Budge Budge Institute of Technology

Dr. Munshi Yusuf Alam

Budge Budge Institute of Technology

Supported by organization BBIT, Kolkata

Abstract

The increasing adoption of voice-enabled technologies has highlighted their potential to empower individuals with physical disabilities, enabling them to independently navigate digital platforms. However, challenges such as noise interference, limited command vocabulary, and platform incompatibility persist.

Our research product, which makes use of state-of-the-art technologies including AI, Natural Language Processing, and Automatic Speech Recognition (ASR), is a Voice-Controlled Integration System. Key concerns including cross-platform usability, noise resilience, and speech recognition accuracy are addressed by the system, which seeks to offer hands-free control over computers and communication platforms for amputees. Through the integration of features like as voice-controlled media playing, speech-to-text, and application navigation, the solution provides increased accessibility and independence with a certain degree of precision.

disabled person voice conferencing application control virtual mouse voice intelligent accessibility assistive technology

Introduction

Voice technologies have a clear future in helping people with physical disabilities specially amputees communicate with the digital world independently. However, a few challenges remained, such as noise interference, limited contextual understanding, and a deficiency in platform compatibility.

According to recent studies, around 40% of physically disabled individuals use voice commands for web browsing, yet only 2% of websites are fully assistive technology compatible.

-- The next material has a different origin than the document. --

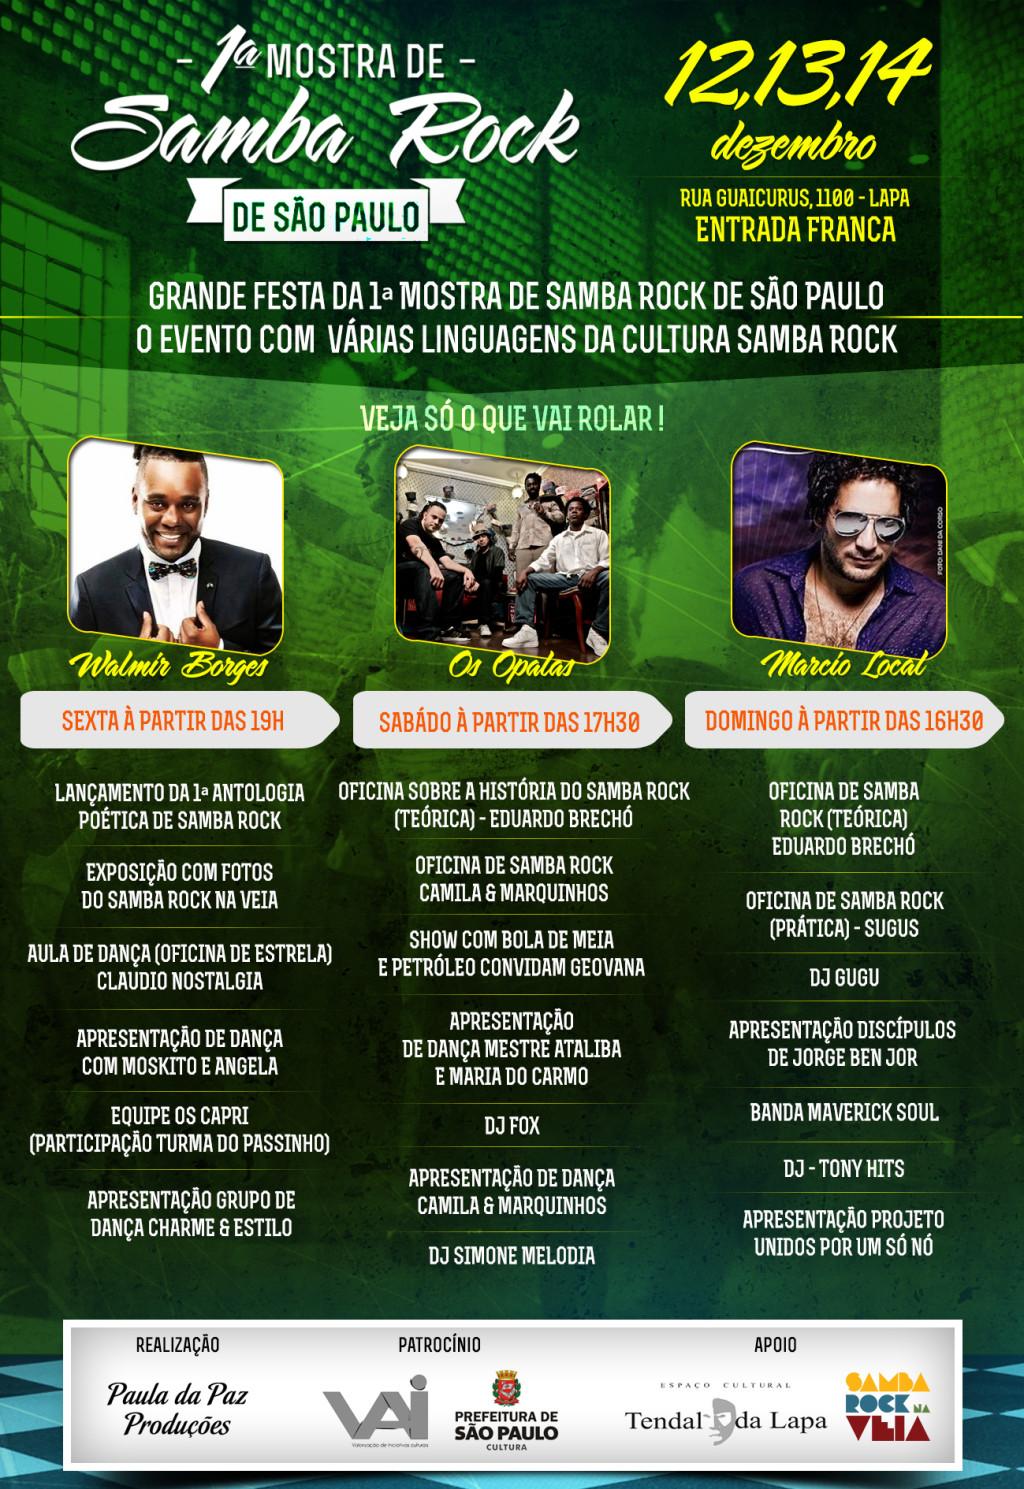 Mostra de Samba Rock traz Walmir Borges, Os Opalas, Bola de Meia, Geonava, DJs, literatura, outras atrações e muita cultura balançante

Such statistics signify the need for vigorous and universal solutions to accessibility challenges.

There are currently more than 1 billion disabilities in the world, so there is an increasing demand for technologies that can make things accessible and usable.

Voice-activated systems based on development in Automatic Speech Recognition and Natural Language Processing can be very promising, but they are often challenged in "real-life" environments, especially in noisy conditions or while supporting multilingual users. Fixing these issues is significant to return the benefits of such systems into the more extensive user community.

Methodology

Our project aims to provide a voice-controlled system "SONIX" tailored specifically for individuals with physical disabilities who have lost the ability to use their hands due to congenital conditions or accidents. The methodology is divided into three key phases: Input, Processing, and Output.

Input Phase

  • Voice Capture: External microphone for high-quality audio signals
  • Noise Handling: Real-time noise cancellation and filtering
  • Multi-language Support: Accommodates diverse accents and languages

Processing Phase

  • Speech Recognition: ASR converts speech to text
  • Intent Analysis: NLP interprets user commands
  • Action Mapping: Commands mapped to predefined actions
  • Offline Capability: Functions without internet dependency

Output Phase

  • Dual Feedback: Audio (TTS) and visual confirmation
  • Application Control: Hands-free operation of software
  • Cross-platform: Works with Google Meet, Zoom, Office, etc.

Technical Stack

  • Frontend: HTML, CSS, JavaScript, ReactJS
  • Backend: Python with MongoDB/MySQL
  • Libraries: SpeechRecognition, PyDub, DeepSpeech
  • APIs: Google Meet, Zoom, Microsoft Office
SONIX System Diagram
Figure 1: SONIX: Intelligent Voice Controlled System

User Profiles & Capabilities

Person 1: Meeting Management

  • Google Meet controls
  • Start/end meetings
  • Mic/camera toggle
  • Send invitations
  • Chat functions

Person 2: Media Control

  • YouTube playback
  • Play/pause videos
  • Volume adjustment
  • Fullscreen mode
  • Offline media play

Person 3: Web Browsing

  • Google/Wikipedia search
  • Read results aloud
  • Navigate web pages
  • Open links
  • Content scraping

Person 4: Document Handling

  • MS Word operations
  • Voice typing
  • Text formatting
  • Document saving
  • Email attachments

Results & Discussion

Success Rates

Person 1: Meeting Management

90% success rate

Person 2: Media Control

80% success rate

Person 3: Web Browsing

70% success rate

Person 4: Document Handling

80% success rate

Performance Accuracy

MS Word Tasks

95% average accuracy

Virtual Mouse Control

85-95% accuracy

Noise Resilience

92% accuracy in noisy environments

Multilingual Support

55% accuracy with diverse accents

Conclusion & Future Scope

The application runs on the Microsoft Windows operating system and is tested by four disabled individuals with different accents and voices. An eye gesture virtual mouse allows the user to write in Microsoft Word with formatting capabilities, manage and conduct video meetings, and operate installed applications.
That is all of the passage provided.